<< 1 >>
Rating:  Summary: Depression Fallout Makes it Clear Review: Anne Sheffield has once again proven she's an expert in the field of depression and the impact on those living within its' clutches. Based on the website developed from her first book, How You Can Survive When They Are Depressed, this book describes the real-life trials and tribulations families suffer through. It offers practical ideas to cope and find happiness when relationships are strained by various manifestations of depression. She has pieced together stories and advice from the website, thus creating a masterpiece that offers hope and optimism. It's an excellent resource for anyone living with a depressed family member.

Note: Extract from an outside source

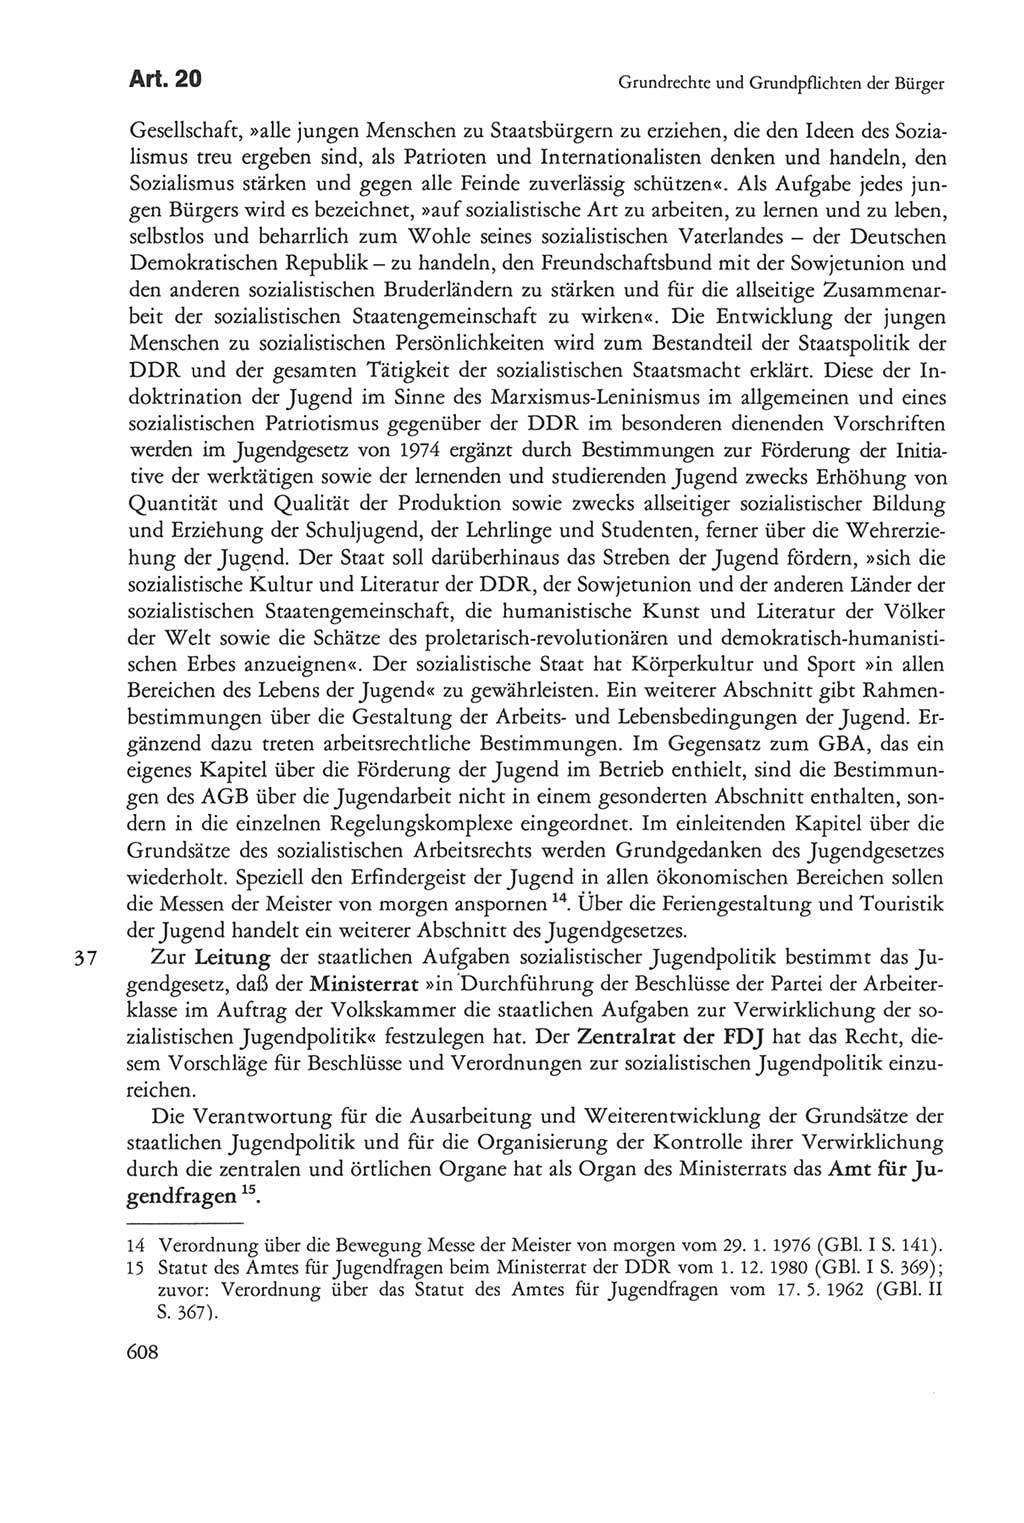 Die sozialistische Verfassung der Deutschen Demokratischen Republik (DDR), Kommentar 1982, Seite 608 (Soz. Verf. DDR Komm. 1982, S. 608)
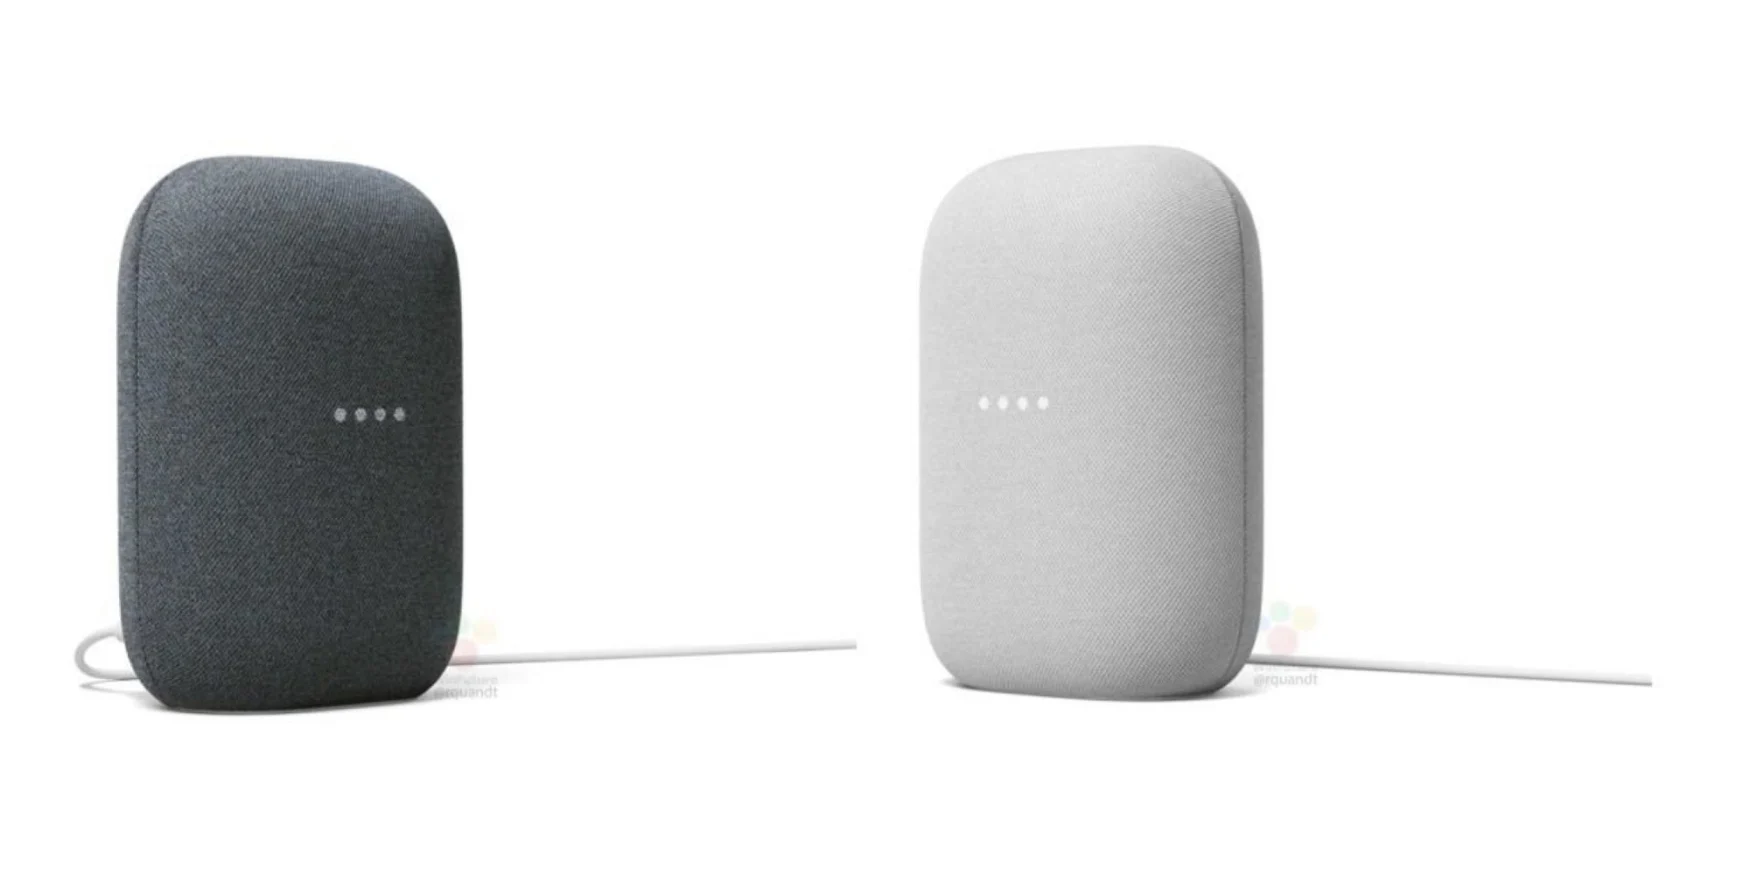 Google Nest smart speaker

Rating:  Summary: A book devoted to the other half Review: I am reviewing this book:this is a final,revised review:I have found that yes,it has helped me so much. Anne's sensitively and compassionate book,have a lot to say on the subject of depression fallout. I am writing this review,in order to correct some rather hasty and poor judgements of both Anne,and members (including Lisa) of the board,"Depression Fallout". I ask forgiveness for my harsh words. Being not only a diabetic,a depression fallout sufferer who has suffered unending pain and trauma,over 15 years (since my father's death) along with extreme bereavement trauma. My only constructive critique of Anne's book:has to do with this aspect of depression fallout:my situation is different from others. Living with my mother,(crippled by not merely depression,but arthritus,and extreme bereavement trauma) I have to try to live with and through my own depression,plus my depression fallout-the board has been there for me,and I am truly thankful. If in her future books,the aspect of depression fallout,along with family ill health,being the son and brother of depressives,along with bereavement trauma which affects this even more/worse,if this subject were to be discussed,it might help those like myself,who are living through fire. I hope that when this final and newly revised review appears,that it will help people. Thank you,Anne,and Thank You:Goldenheart. Marc Bernstein.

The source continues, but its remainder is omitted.